Performance of perioperative antibiotics against post–endoscopic submucosal dissection coagulation syndrome: a multicenter randomized controlled trial

Background and Aims

This study aimed to evaluate the efficacy of perioperative antibiotics against post–endoscopic submucosal dissection (ESD) coagulation syndrome (PECS) in patients undergoing colorectal ESD.

Methods

A prospective, multicenter, randomized controlled, parallel, superiority trial was conducted at 21 Japanese tertiary institutions. Patients with superficial colorectal lesions ≥20 mm and those undergoing ESD management for a single lesion were eligible. Patients with perforation during and after ESD were withdrawn. Before the ESD procedure, participants were randomly assigned (1:1) to either undergo conventional treatment (nonantibiotic group) or investigational treatment (antibiotic group).
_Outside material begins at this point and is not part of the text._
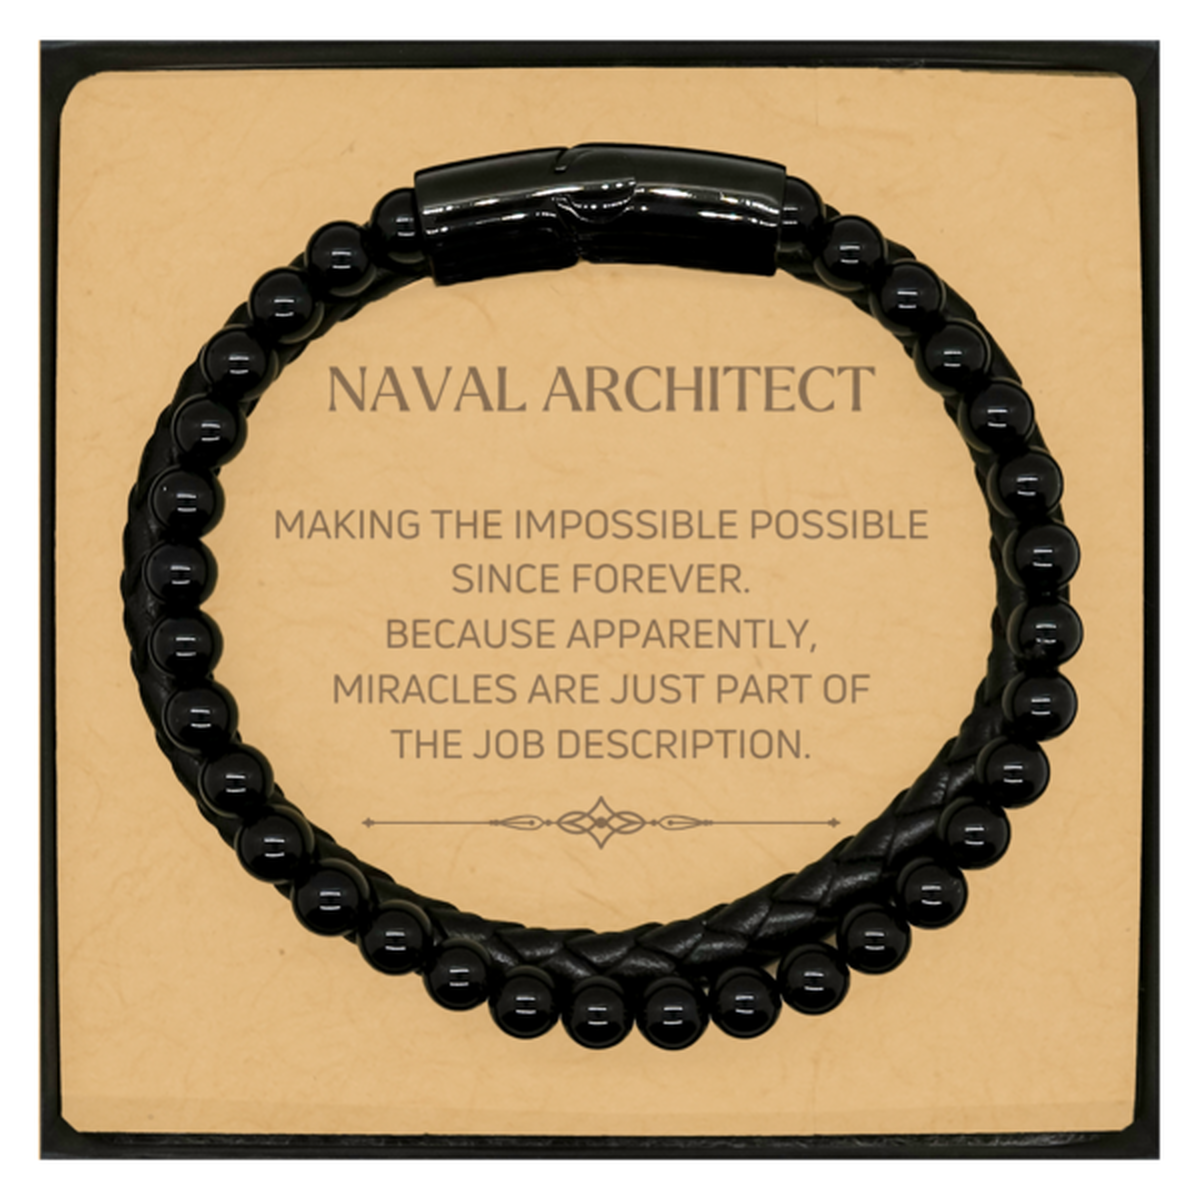 Funny Naval Architect Gifts, Miracles are just part of the job description, Inspirational Birthday Christmas Stone Leather Bracelets For Naval Architect, Men, Women, Coworkers, Friends, Boss

In the antibiotic group, 3 g of ampicillin-sulbactam was administered just before, 8 hours after, and the morning after ESD. The primary endpoint was the incidence of PECS. The onset of PECS was defined as localized abdominal pain (both spontaneous pain and tenderness) and fever (≥37.6°C) or inflammatory response (leukocytosis [≥10,000 cells/μL] or elevated C-reactive protein level [≥.5 mg/dL]).

Results

From February 5, 2019 to September 7, 2020, 432 patients were enrolled and assigned to the antibiotic group (n = 216) or nonantibiotic group (n = 216). After withdrawal of 52 patients, 192 in the antibiotic group and 188 in the nonantibiotic group were analyzed. PECS occurred in 9 of 192 patients (4.7%) in the antibiotic group and 14 of 188 patients (7.5%) in the nonantibiotic group, with an odds ratio of .61 (95% confidence interval, .23-1.56; P = .29).

Conclusions

Perioperative use of antibiotics was not effective in reducing the incidence of PECS in patients undergoing colorectal ESD. (Clinical trial registration number: UMIN000035178.)